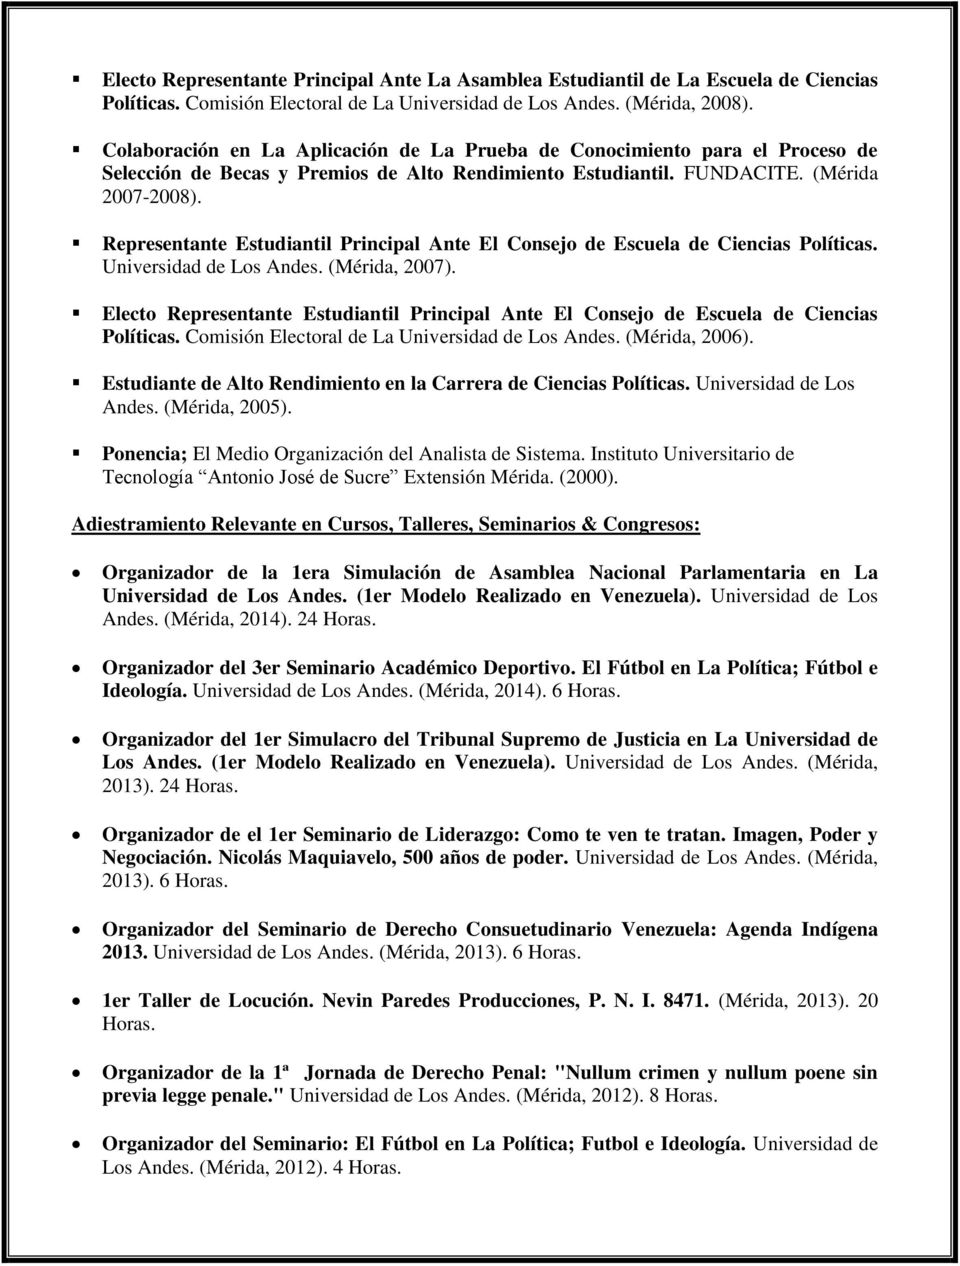 Representante Estudiantil Principal Ante El Consejo de Escuela de Ciencias Políticas. Universidad de Los Andes. (Mérida, 2007).
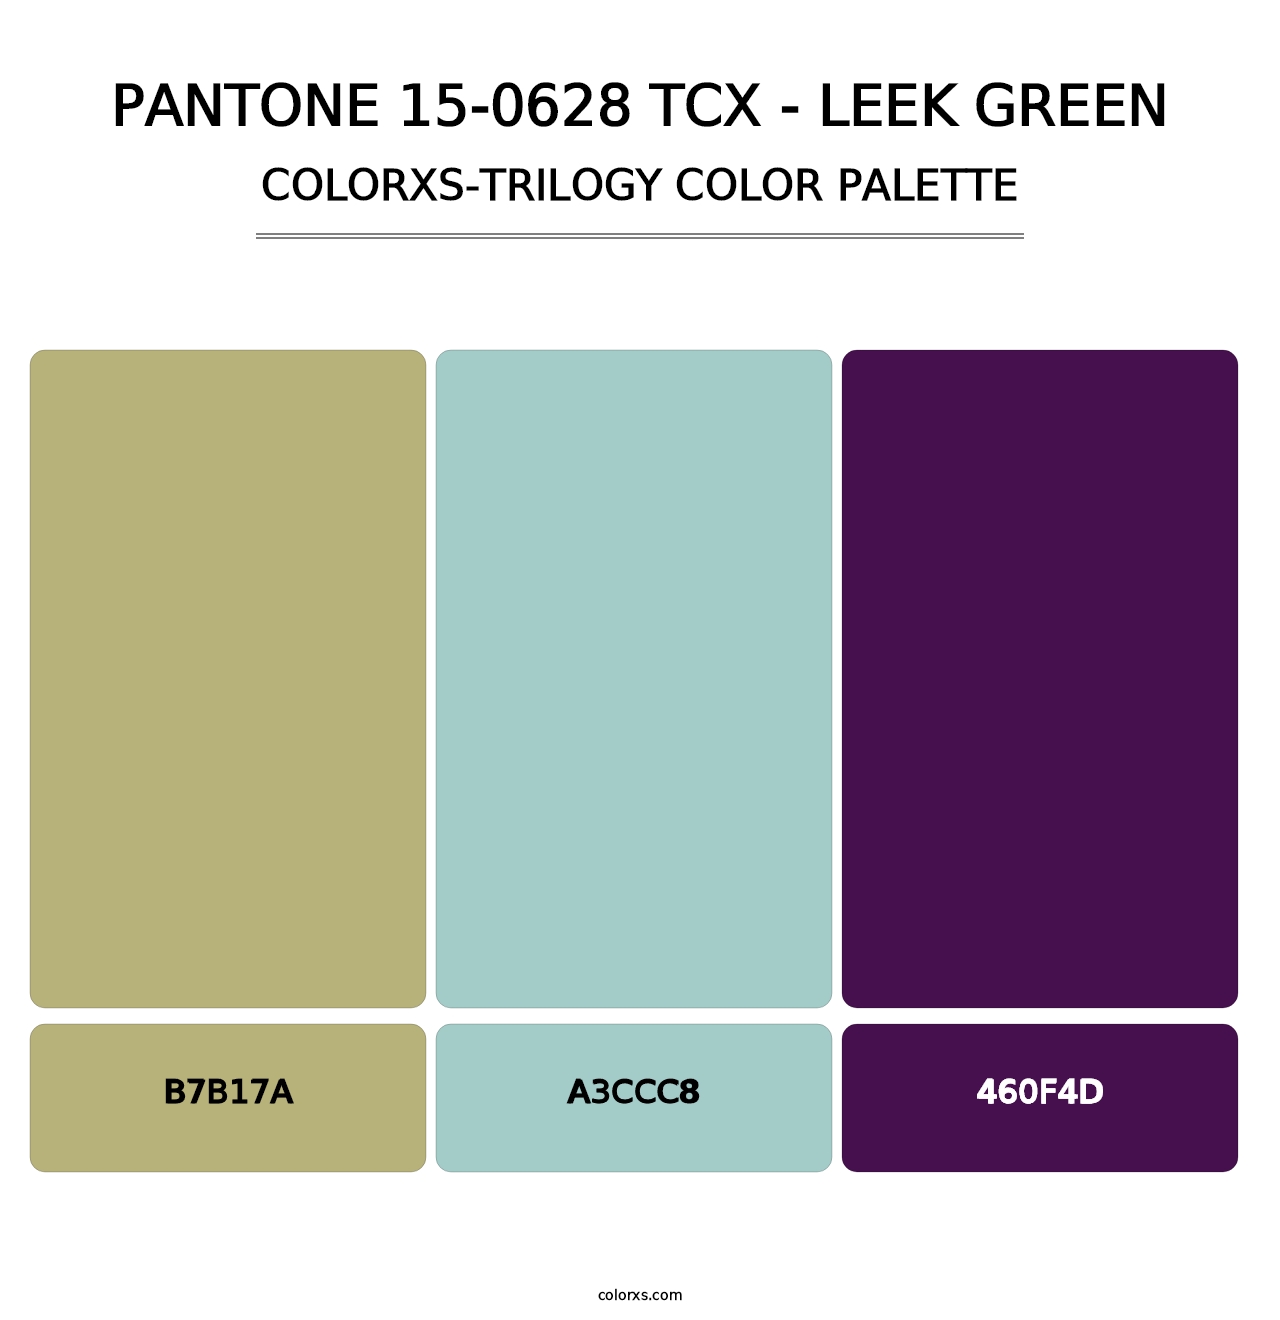 PANTONE 15-0628 TCX - Leek Green - Colorxs Trilogy Palette
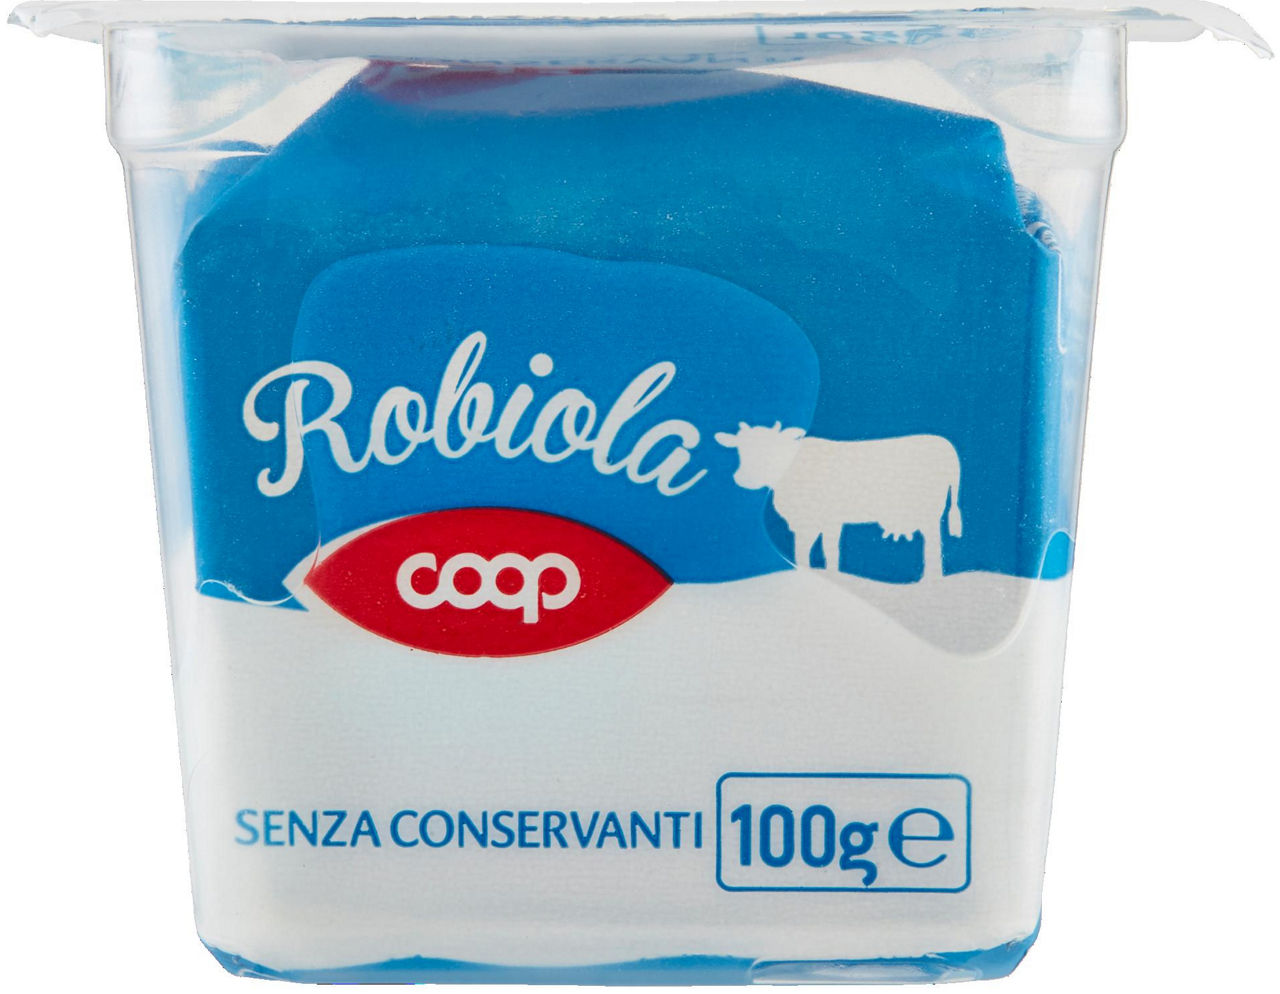 Robiola coop vaschetta g 100

■ Task item ■
All of the data must be given again exactly, without the pictures.

■ Solution for this problem ■
 Representante Estudiantil Principal Ante El Consejo de Escuela de Ciencias Políticas. Universidad de Los Andes. (Mérida, 2007).
 PANTONE 15-0628 TCX - Leek Green - Colorxs Trilogy Palette
 Robiola coop vaschetta g 100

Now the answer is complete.